-------- GIVEN DATA

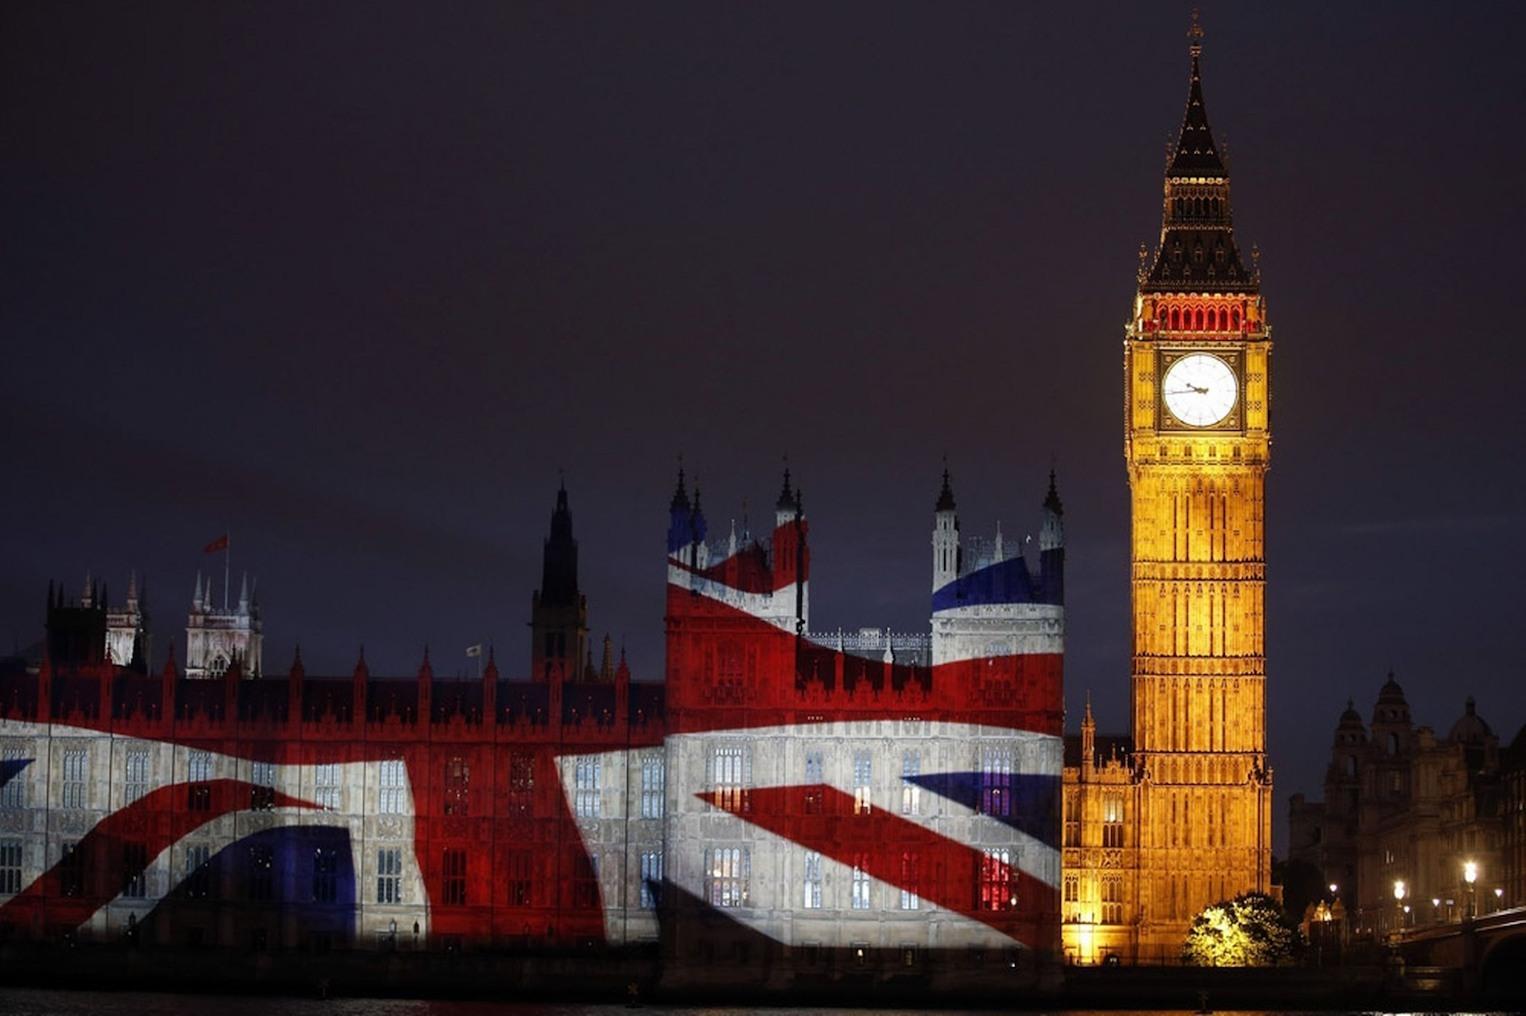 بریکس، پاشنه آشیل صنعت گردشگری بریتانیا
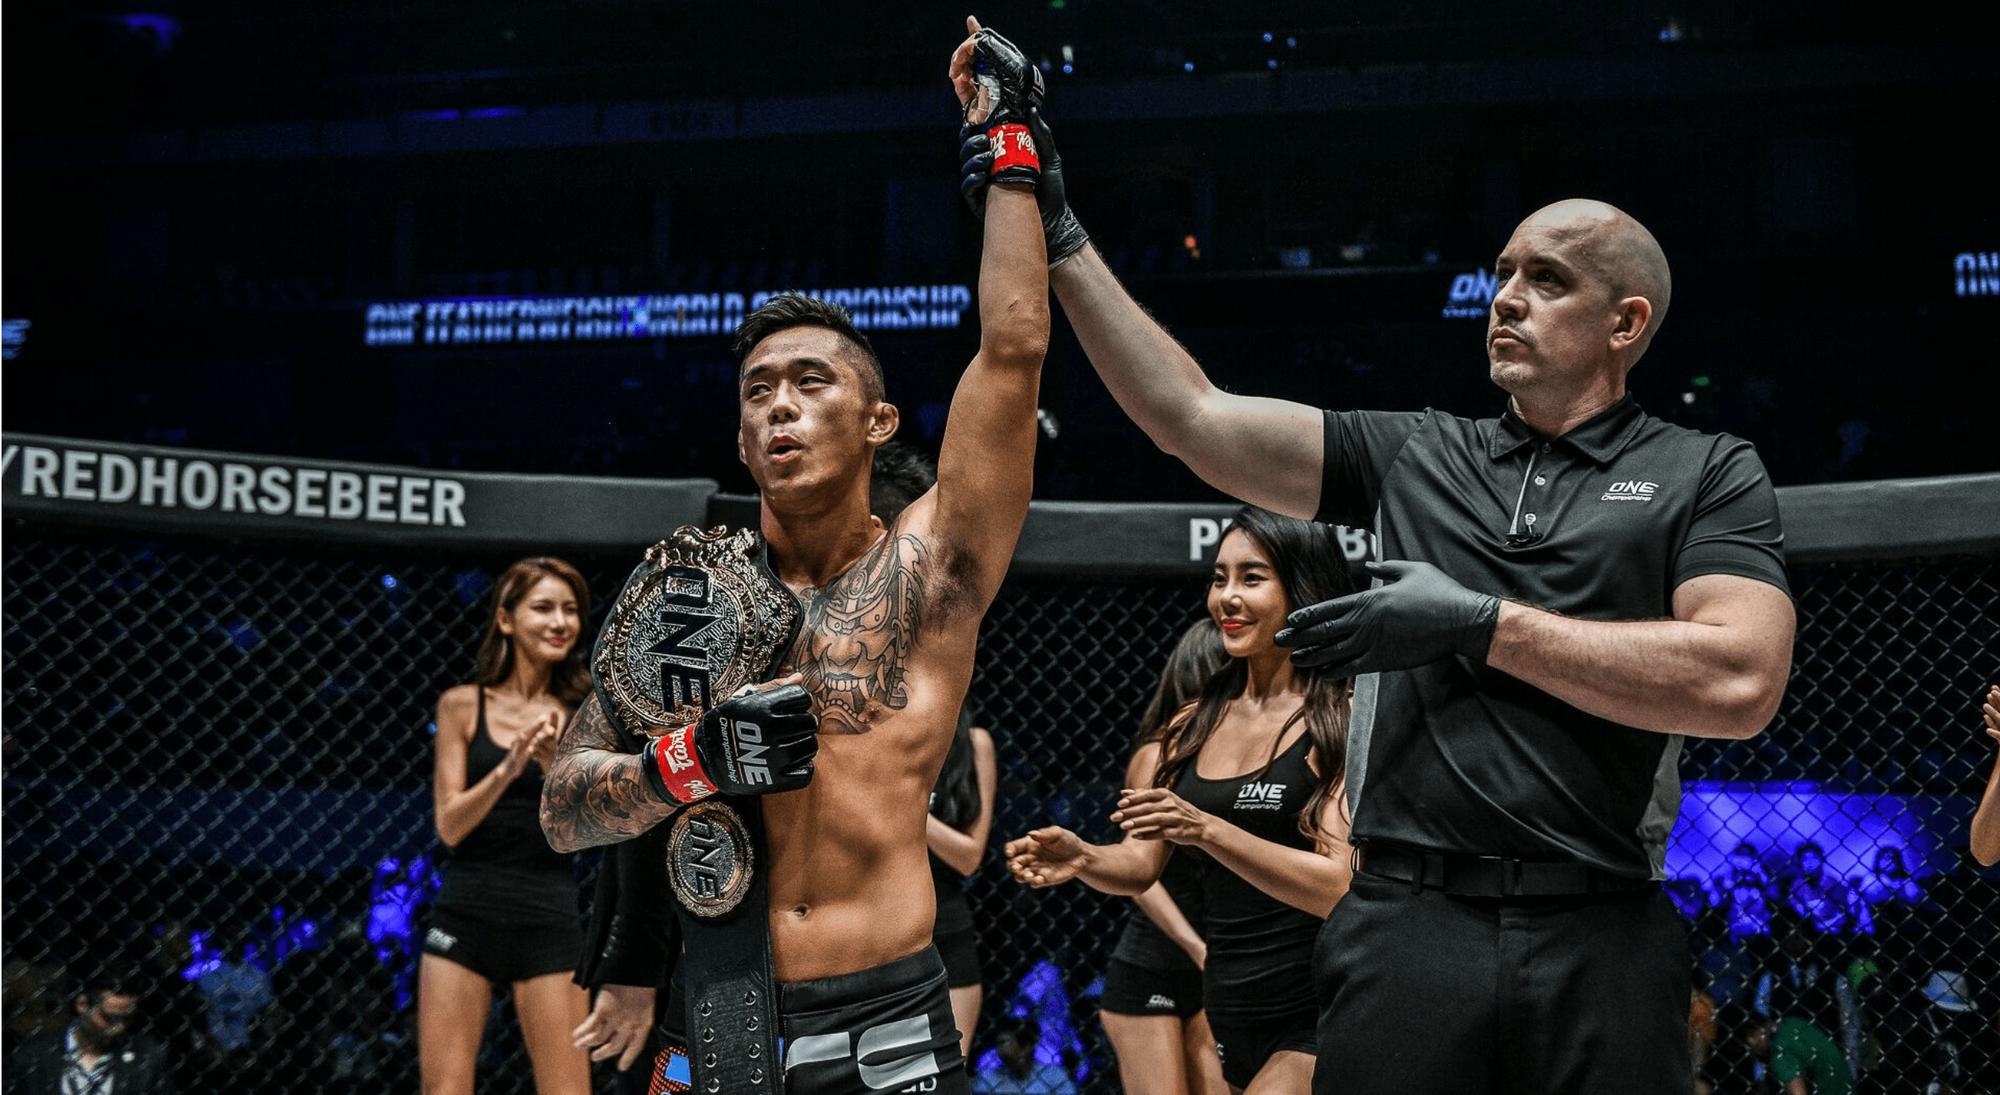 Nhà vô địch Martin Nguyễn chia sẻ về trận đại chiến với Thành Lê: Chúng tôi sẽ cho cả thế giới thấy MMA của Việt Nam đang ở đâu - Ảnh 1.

----------------
-------- GIVEN DATA

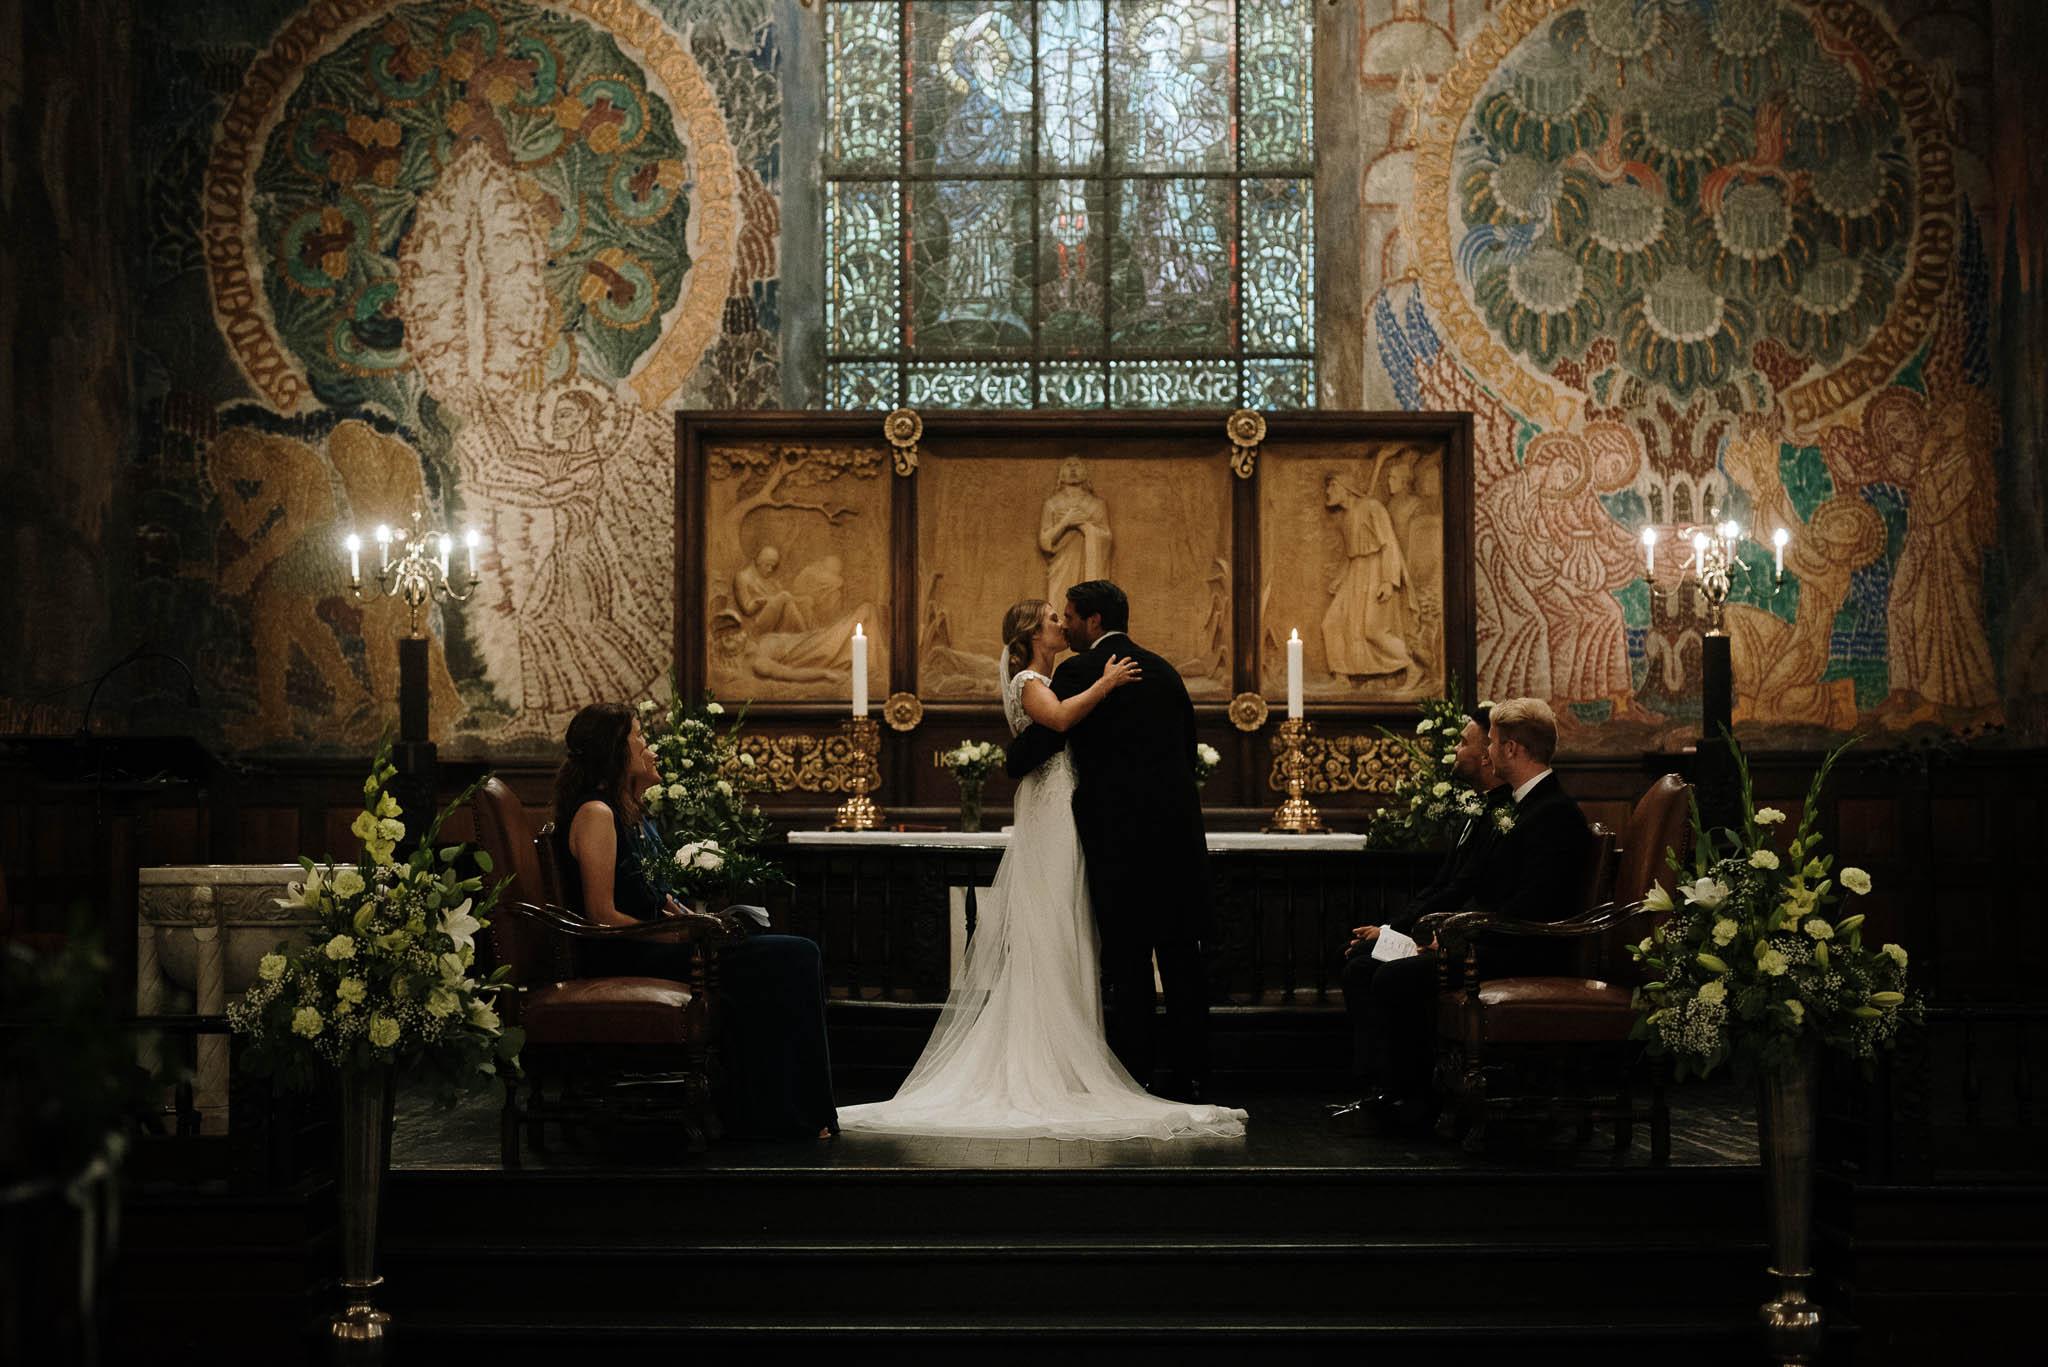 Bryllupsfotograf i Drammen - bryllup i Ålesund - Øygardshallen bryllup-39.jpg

----------------
-------- GIVEN DATA

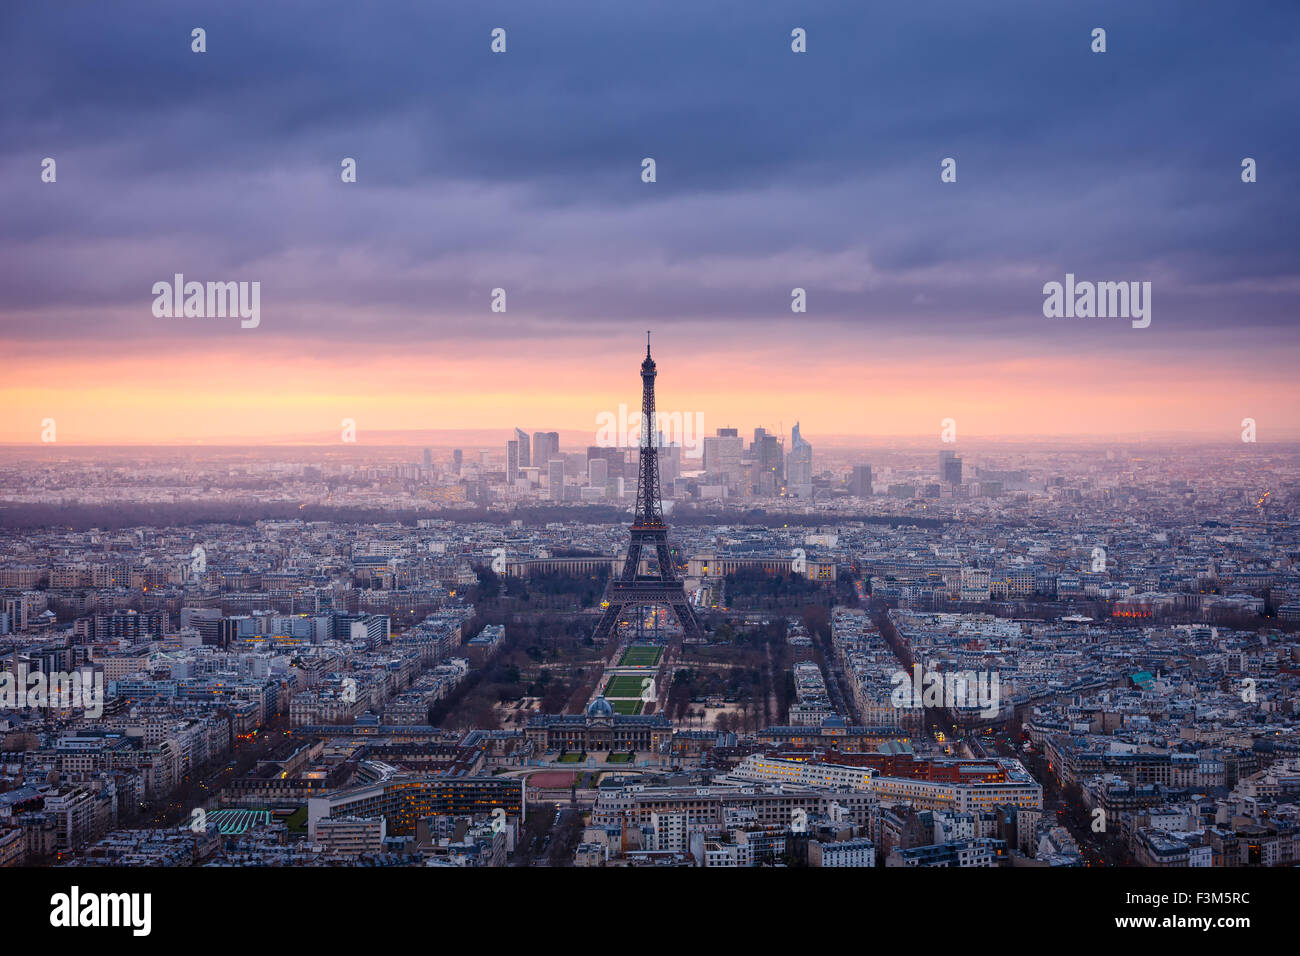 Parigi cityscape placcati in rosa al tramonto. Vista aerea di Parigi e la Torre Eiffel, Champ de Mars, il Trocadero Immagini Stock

----------------

WHAT TO PRODUCE: Of the records above, print only the lines from the one containing "بریکس، پاشنه آشیل صنعت گردشگری بریتانیا" through the one containing "Nhà vô địch", inclusive and unaltered, leaving out pictures.

RESULT BELOW:
 بریکس، پاشنه آشیل صنعت گردشگری بریتانیا
 Nhà vô địch Martin Nguyễn chia sẻ về trận đại chiến với Thành Lê: Chúng tôi sẽ cho cả thế giới thấy MMA của Việt Nam đang ở đâu - Ảnh 1.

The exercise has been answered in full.